Re: [PATCH][Fix] Fix Bug #4959 (take 2)

From: Rafael J. Wysocki
Date: Tue Sep 27 2005 - 18:28:17 EST


Hi,

On Tuesday, 27 of September 2005 23:08, Pavel Machek wrote:
> Hi!
>
]-- snip --[
> > > > The following patch fixes Bug #4959. For this purpose it creates temporary
> > > > page translation tables including the kernel mapping (reused) and the direct
> > > > mapping (created from scratch) and makes swsusp switch to these tables
> > > > right before the image is restored.
> > >
> > > Why do you need *two* mappings? Should not just kernel mapping be enough?
> >
> > The kernel mapping is for the kernel text. The direct mapping maps the physical
> > RAM linearly to the set of virtual addresses starting at
> > PAGE_OFFSET.
>
> Could not you just add phys_to_virt at some strategic place?

No, I need both, but the original kernel mapping is safe, so I don't care (I just point to
it from the temporary PGD).

> > > Why? Reserve ten pages for them... static char resume_page_tables[10*PAGE_SIZE] does not
> > > sound that bad.
> >
> > That will allow us to suspend if there's no more that 8GB of RAM in the box.
> > Is it acceptable?
>
> I'd say so.
>
> > > > Moreover, such a code would have to be executed on every boot and the
> > > > temporary page tables would always be present in memory.
> > >
> > > Yep, but I do not see that as a big problem.
> >
> > OK
> >
> > I can reserve the static buffer (10 pages) in suspend.c and mark it as nosave.
> > The code that creates the mappings can stay in suspend.c either except it
> > won't need to call get_usable_page() and free_eaten_memory() any more
> > (__next_page() can be changed to get pages from the static buffer instead
> > of allocating them).
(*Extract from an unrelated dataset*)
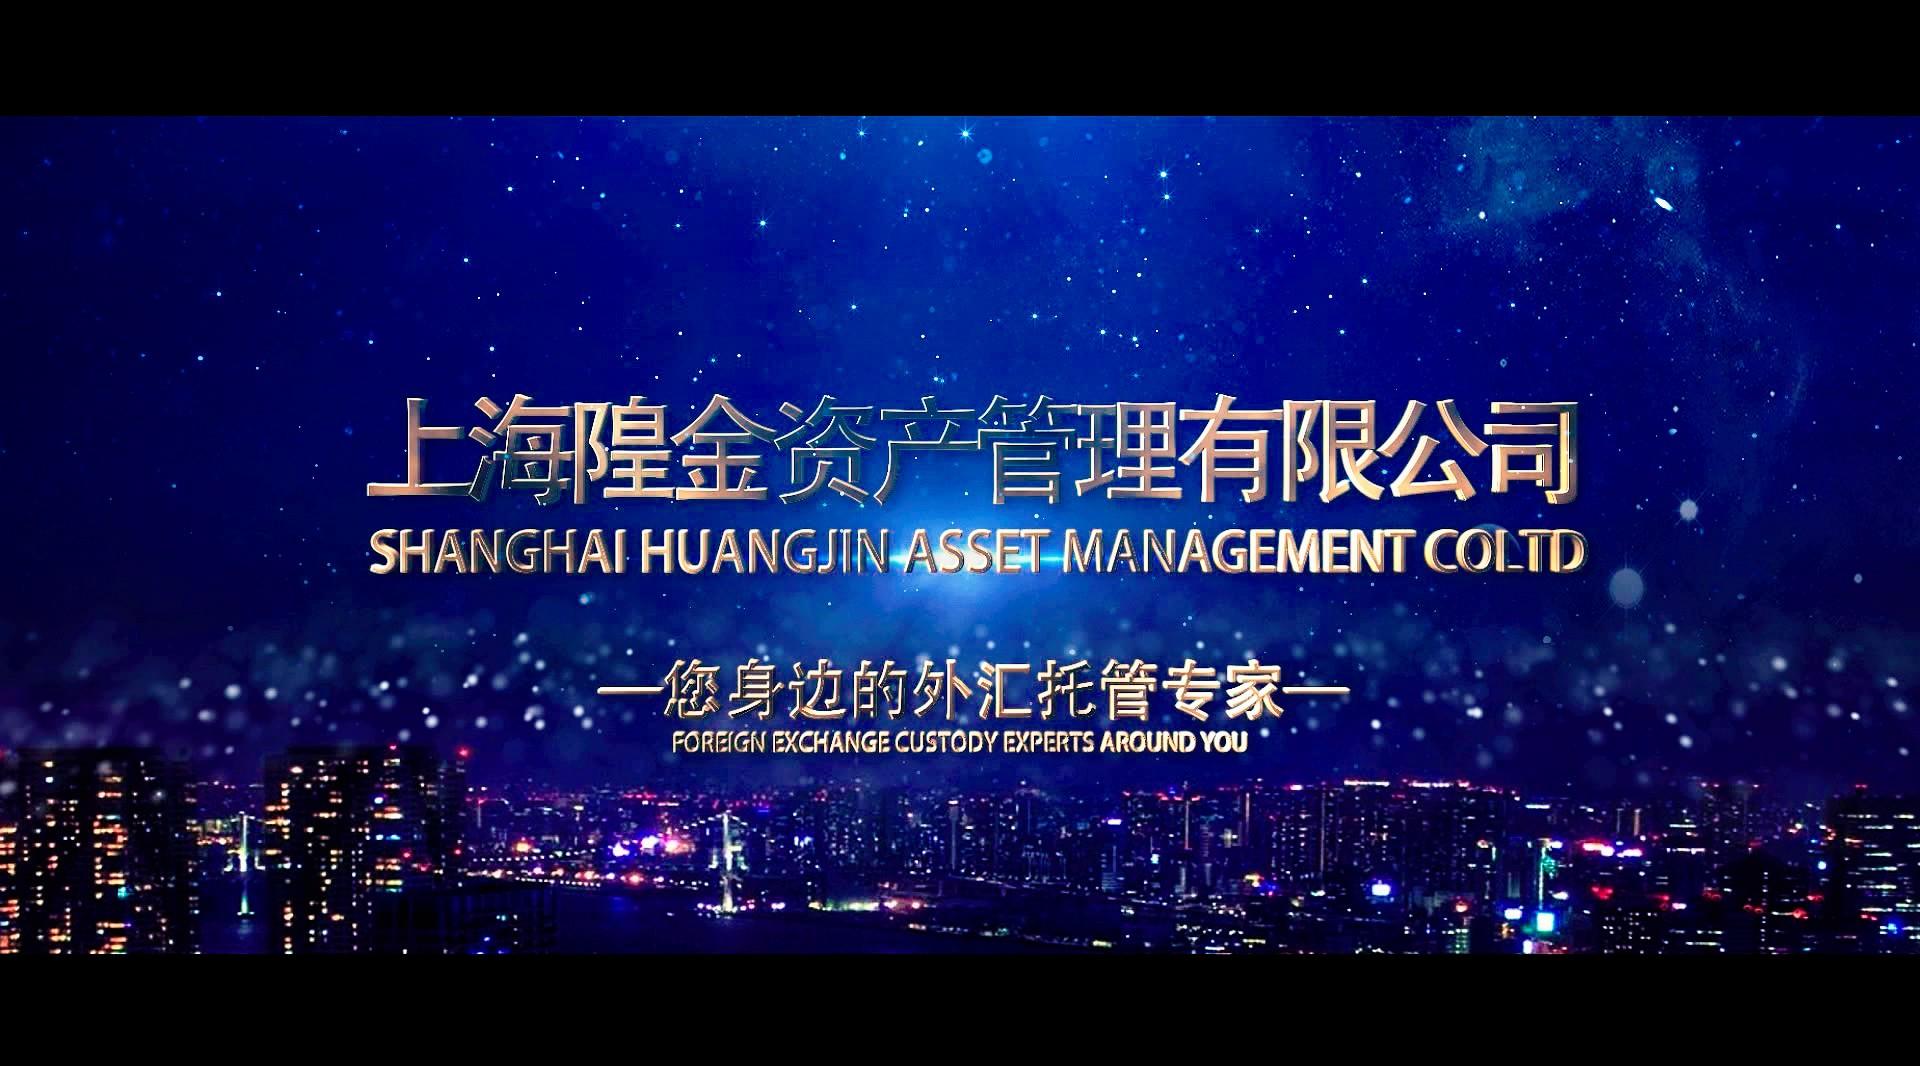 上海隍金资产管理有限公司宣传片   Shanghai Huangjin Asset

The code can also be simplified a bit, as we assume that
> > there will be only one PGD entry in the direct mapping.
> >
> > If that sounds good to you, please confirm.
>
> 8GB limit seems good to me -- as long as it makes code significantly
> simpler. It would be nice if it was <20 lines.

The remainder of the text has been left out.